Assignment:
Restate each line of the listing exactly, without carrying over any pictures.

Provided material:
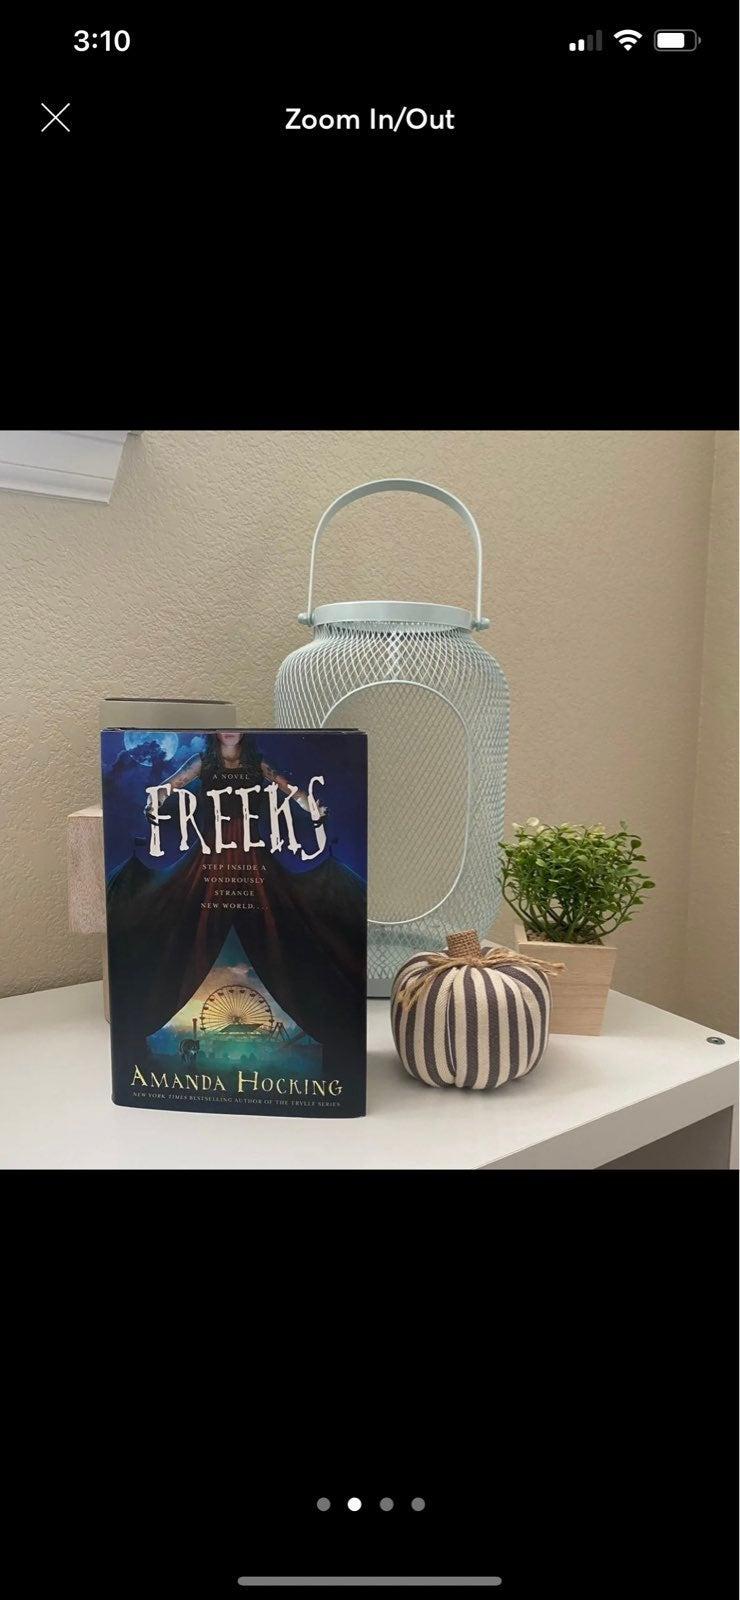 Freeks, Amanda Hocking, Book
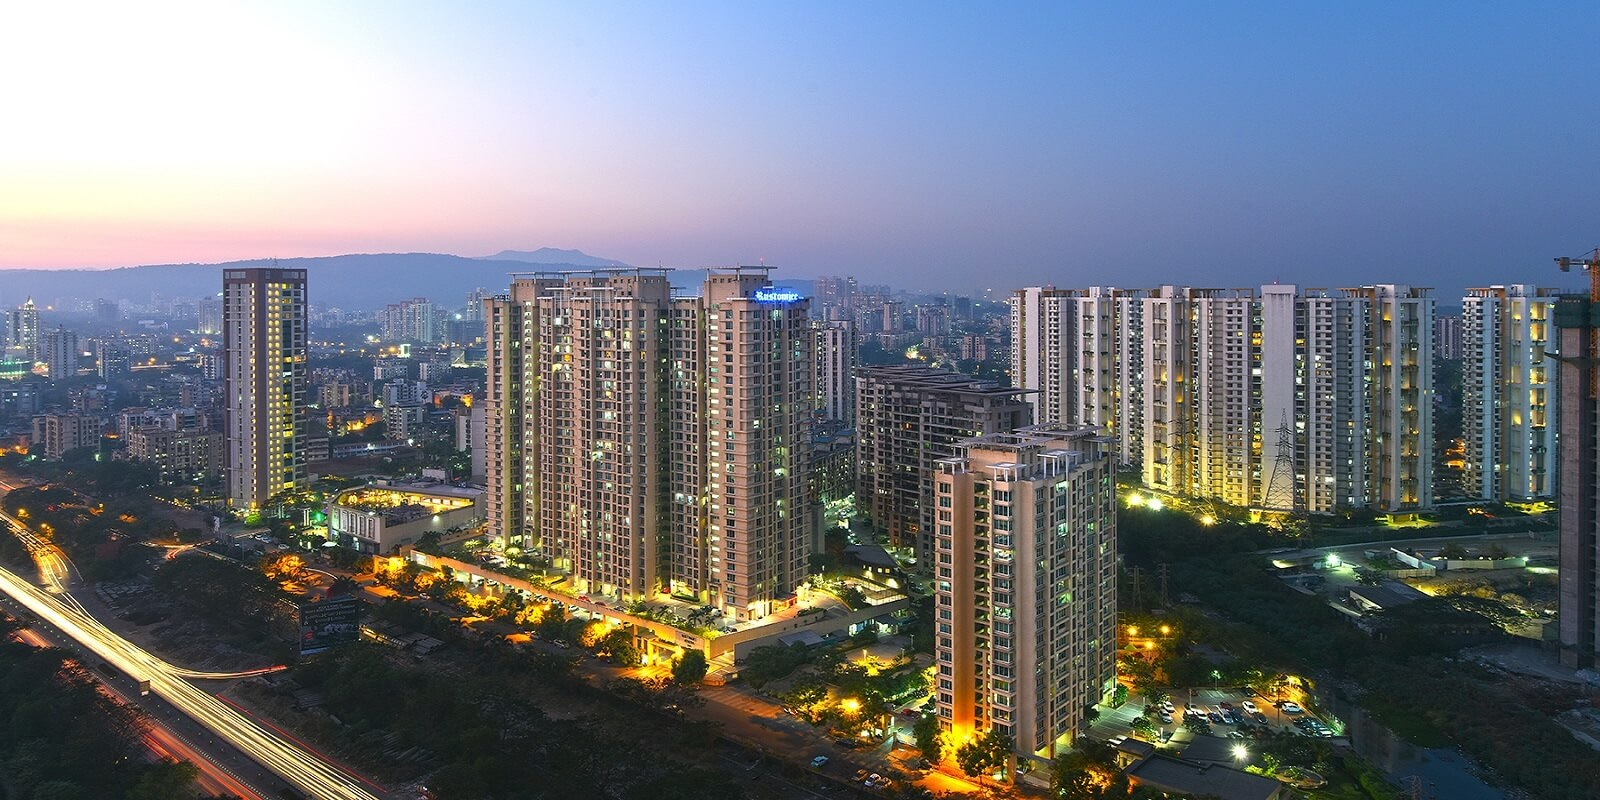 rustomjee urbania project project large image1
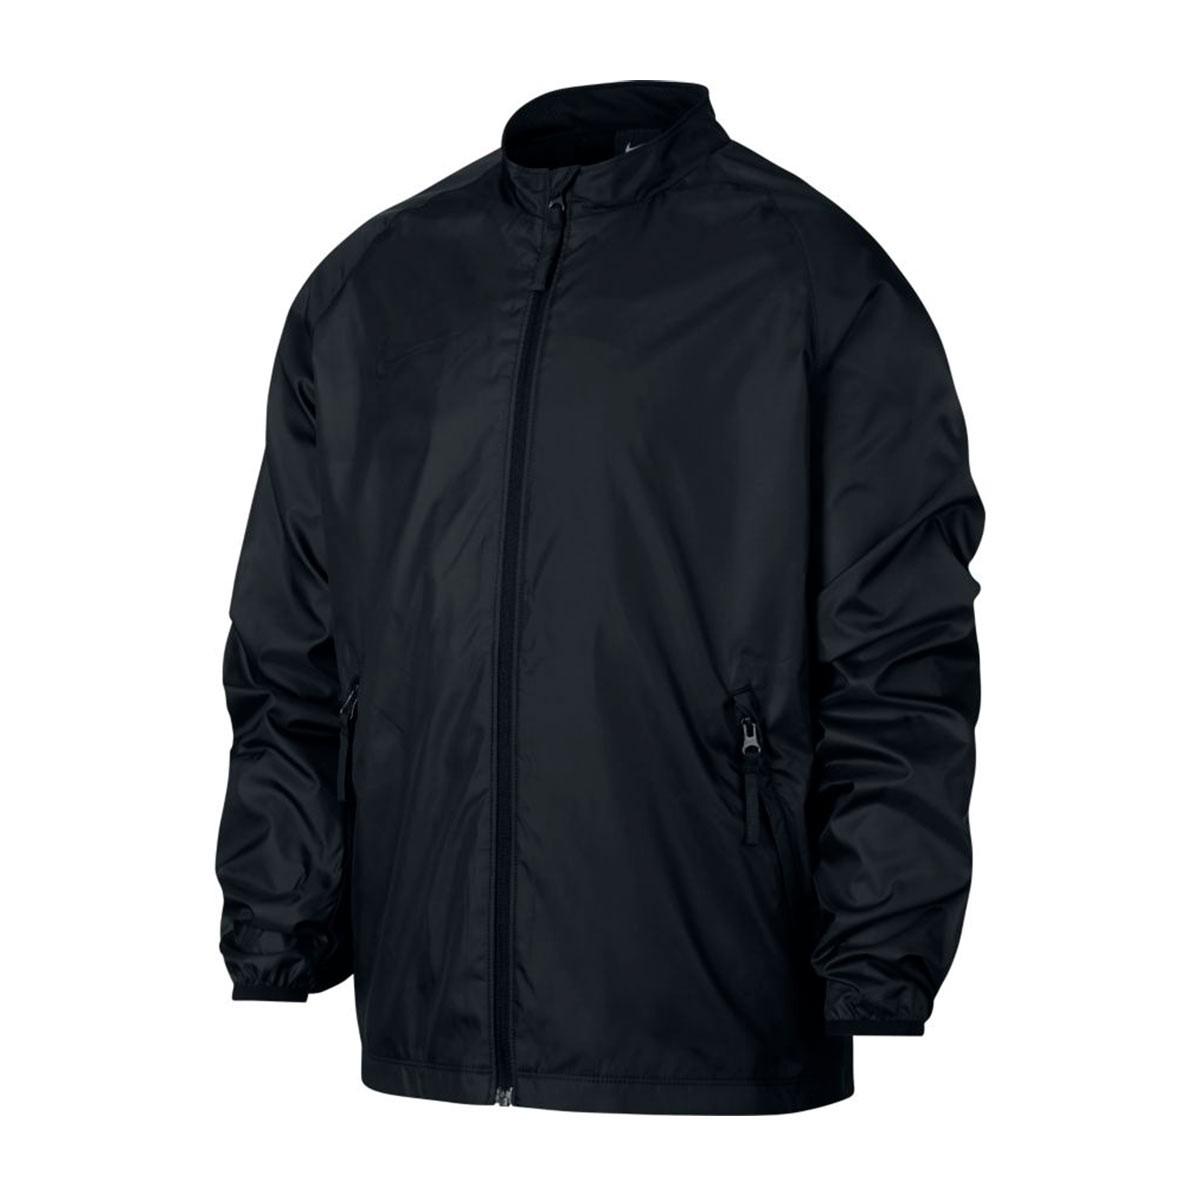 e5e211212fb Jacket Nike Kids Repel Academy Black - Tienda de fútbol Fútbol Emotion
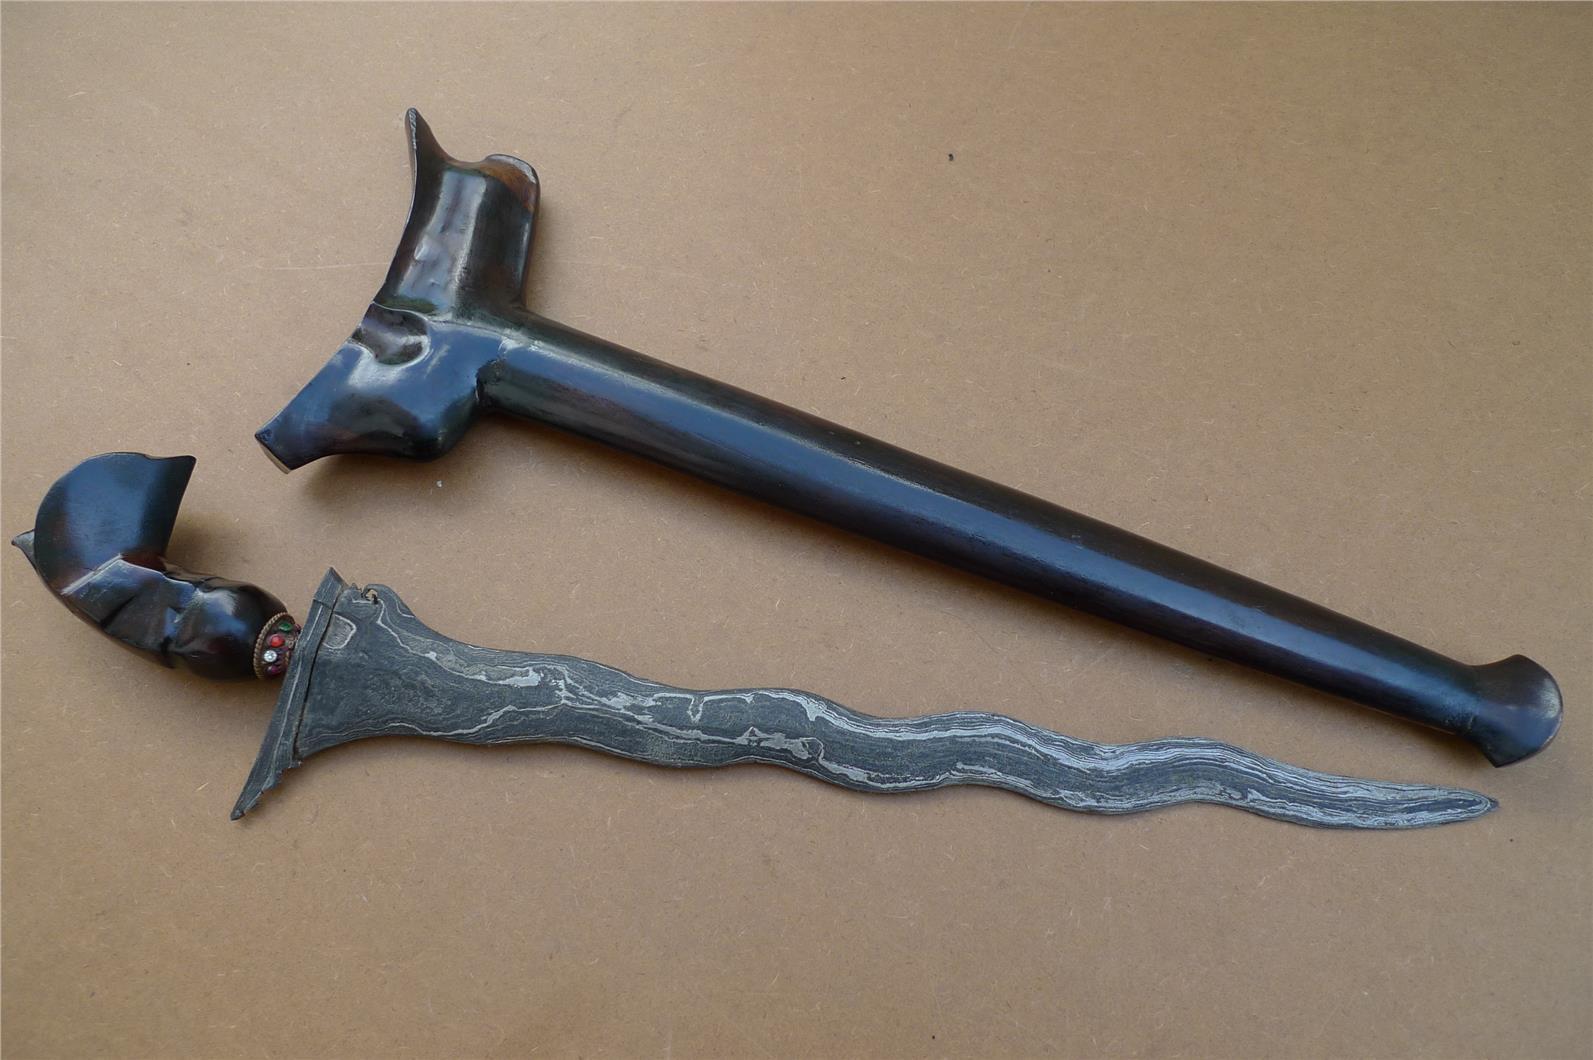 WE01873 WATERMELON SKIN 500mm EXCELLENT KERIS Kriss Weapon Knife Pisau

Answer section:
 Freeks, Amanda Hocking, Book
 rustomjee urbania project project large image1
 e5e211212fb Jacket Nike Kids Repel Academy Black - Tienda de fútbol Fútbol Emotion
 WE01873 WATERMELON SKIN 500mm EXCELLENT KERIS Kriss Weapon Knife Pisau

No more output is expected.